As montadoras têm sido forçadas a reduzir as emissões de seus veículos, enquanto se ajustam a novas normas ambientais, o que implica custos adicionais de produção e novas exigências tecnológicas. Em uma carta ao governo alemão, o diretor financeiro da Ford, John Lawler, pediu maior clareza nas políticas de apoio à mobilidade elétrica.
“O que nos falta na Europa e na Alemanha é uma agenda política clara e inconfundível para avançar na e-mobilidade”, afirmou Lawler. A montadora pede também mais flexibilidade nas metas de emissões, com o intuito de melhorar as condições de mercado para a indústria automotiva.
Reações dos Sindicatos e Trabalhadores
Os sindicatos europeus, especialmente na Alemanha e no Reino Unido, estão preparando uma resposta vigorosa às mudanças propostas pela Ford.
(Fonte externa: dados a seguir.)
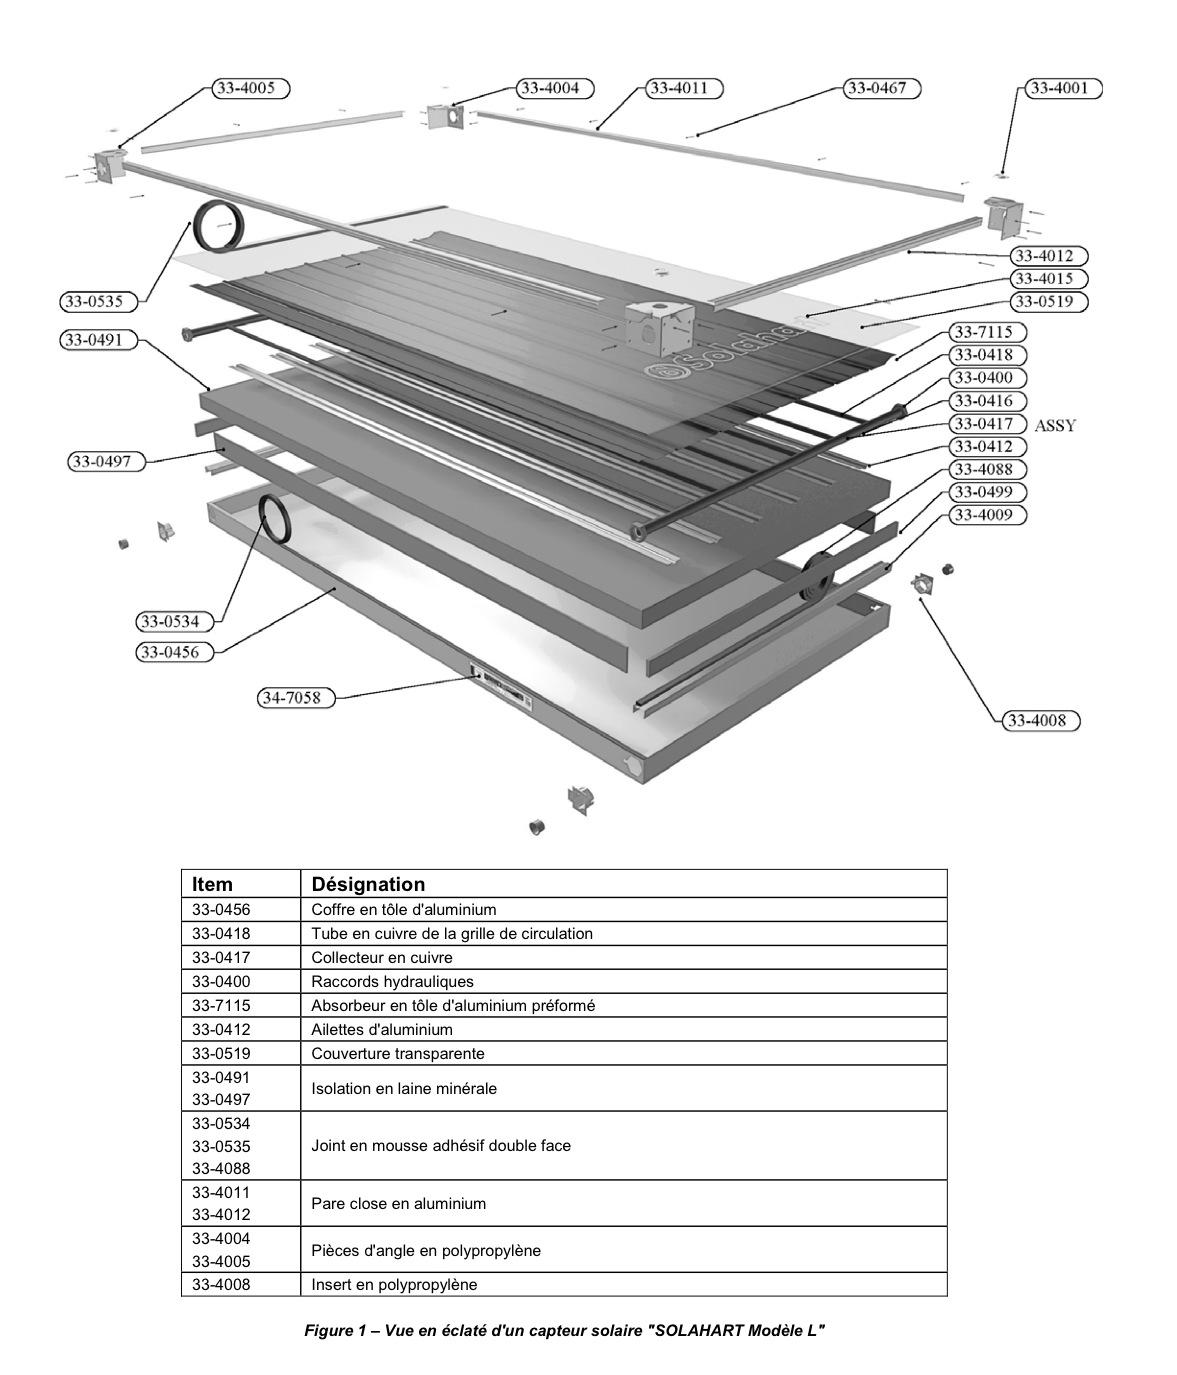 capteur solaire thermique capteur plan solahart lcs. Black Bedroom Furniture Sets. Home Design Ideas

Trabalhadores da Volkswagen, por exemplo, já indicaram que estão dispostos a abrir mão de aumentos salariais em troca da manutenção de empregos e da preservação de fábricas.
A proposta inclui a criação de um “fundo de solidariedade” para apoiar os trabalhadores em momentos de redução de horas de trabalho, além da exigência de que a montadora cancele seus planos de fechar fábricas.
No caso da Ford, as negociações com os sindicatos ainda estão em andamento. Contudo, é esperado que as decisões sobre os cortes de empregos sejam impactadas pelo contexto político e econômico europeu, incluindo as possíveis ações dos governos para apoiar a transição para a mobilidade elétrica e a manutenção de empregos no setor.

O Futuro da Ford na Europa
O futuro da Ford na Europa, assim como o de outras montadoras tradicionais, dependerá da capacidade de adaptação às novas exigências do mercado e da indústria automotiva global. A empresa terá que equilibrar sua transição para a produção de veículos elétricos com os desafios financeiros e os cortes de pessoal necessários para se tornar mais competitiva.
A concorrência com as montadoras chinesas, que dominam o mercado de veículos elétricos, e a adaptação às novas políticas regulatórias serão fatores cruciais no sucesso da Ford na região.
Com um futuro incerto, a Ford já deu início ao processo de transformação necessário para garantir sua presença na Europa a longo prazo. A redução de empregos é um passo doloroso, mas essencial para garantir que a empresa permaneça competitiva em um mercado altamente dinâmico e desafiador.